Introduction

Citizen science has become a relevant tool for collecting species data1. Observations gathered by a large number of volunteers, over broad spatial extents and temporal periods often provide a large number of records2, allowing studies that would otherwise be unfeasible. The increment of species data from citizen science initiatives in recent years, seems to be particularly important for taxonomic groups that were less usually targeted in traditional citizen science projects, which were directed to species groups more conspicuous and easier to identify. Groups such as invertebrates or aquatic organisms were traditionally less targeted, and have benefitted in recent years.

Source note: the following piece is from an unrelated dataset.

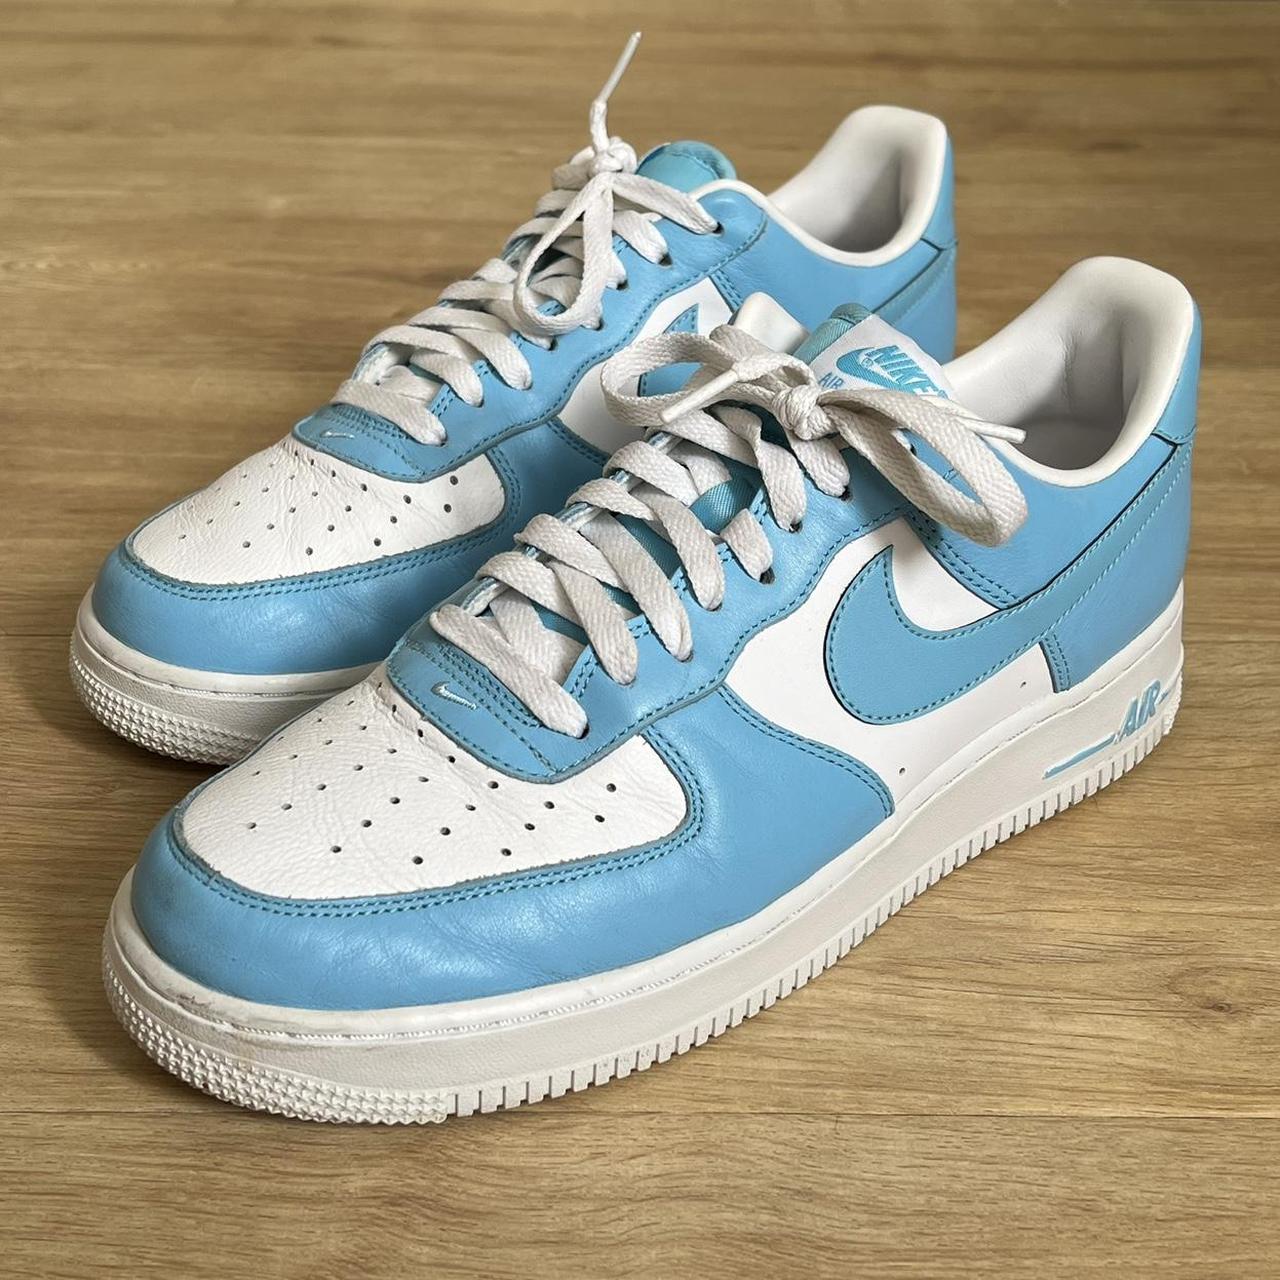 Nike Men's Blue and White Trainers | Depop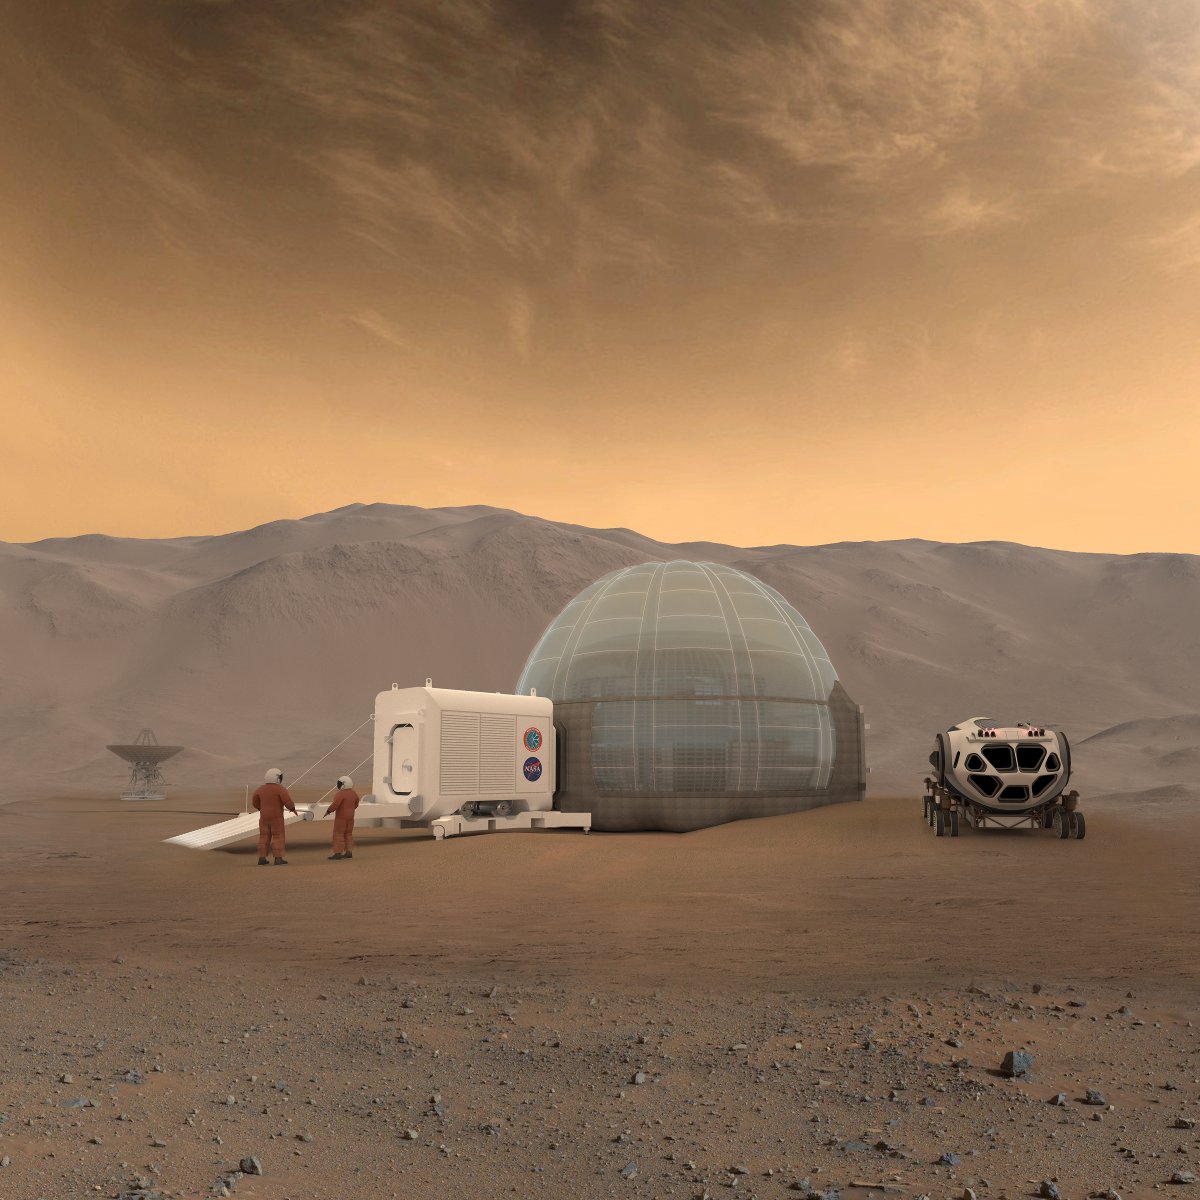 An artist's conception of a Mars habitat, with an Ice-house, air-lock, and pressurized rover designs on Mars | Author: NASA/Clouds AO/SEArch | License: CC0

Emerging technologies are also changing the type of volunteers that get involved with scientific projects3. Web 2.0, characterized by greater user interactivity and collaboration, more pervasive network connectivity and enhanced communication channels, permits easy overcrossing of social, cultural, economic, and political boundaries, and, also the integration of local/traditional knowledge in these projects4. The possibility of collecting, through mobile applications with internet connections, georeferenced observations of the natural world (e.g., wildlife sightings) via interactive geovisualization interfaces (e.g., Google Maps, Google Earth, and Microsoft Virtual Earth) or the use of sensors in the mobile devices allowing to collect data from the environment like air quality or noise.

The data collected can have different applications, such as creating species distribution maps (e.g.5) or identifying a biological invasion (e.g.6,7). The identification of spatial biases in the sampling provided by citizen science projects is fundamental to interpret the outcomes obtained. Only taking these biases into consideration, such as the existence of under-sampled regions, we can turn the results found useful for supporting the adoption of conservation measures by decision makers8,9.

Understanding where volunteers of biodiversity recording are collecting their observations is fundamental for a sensible use of the data collected. These volunteers do not select their survey locations randomly, but most likely as a combined influence of a number of factors10 such as accessibility11, proximity to urban centres, topographic variation, time of the year, species richness8,12 or other geographical or physical characteristic. Therefore, these databases may incorporate an important spatial bias, with some areas almost not being surveyed, while others corresponding to “hotspots” of observations13,14.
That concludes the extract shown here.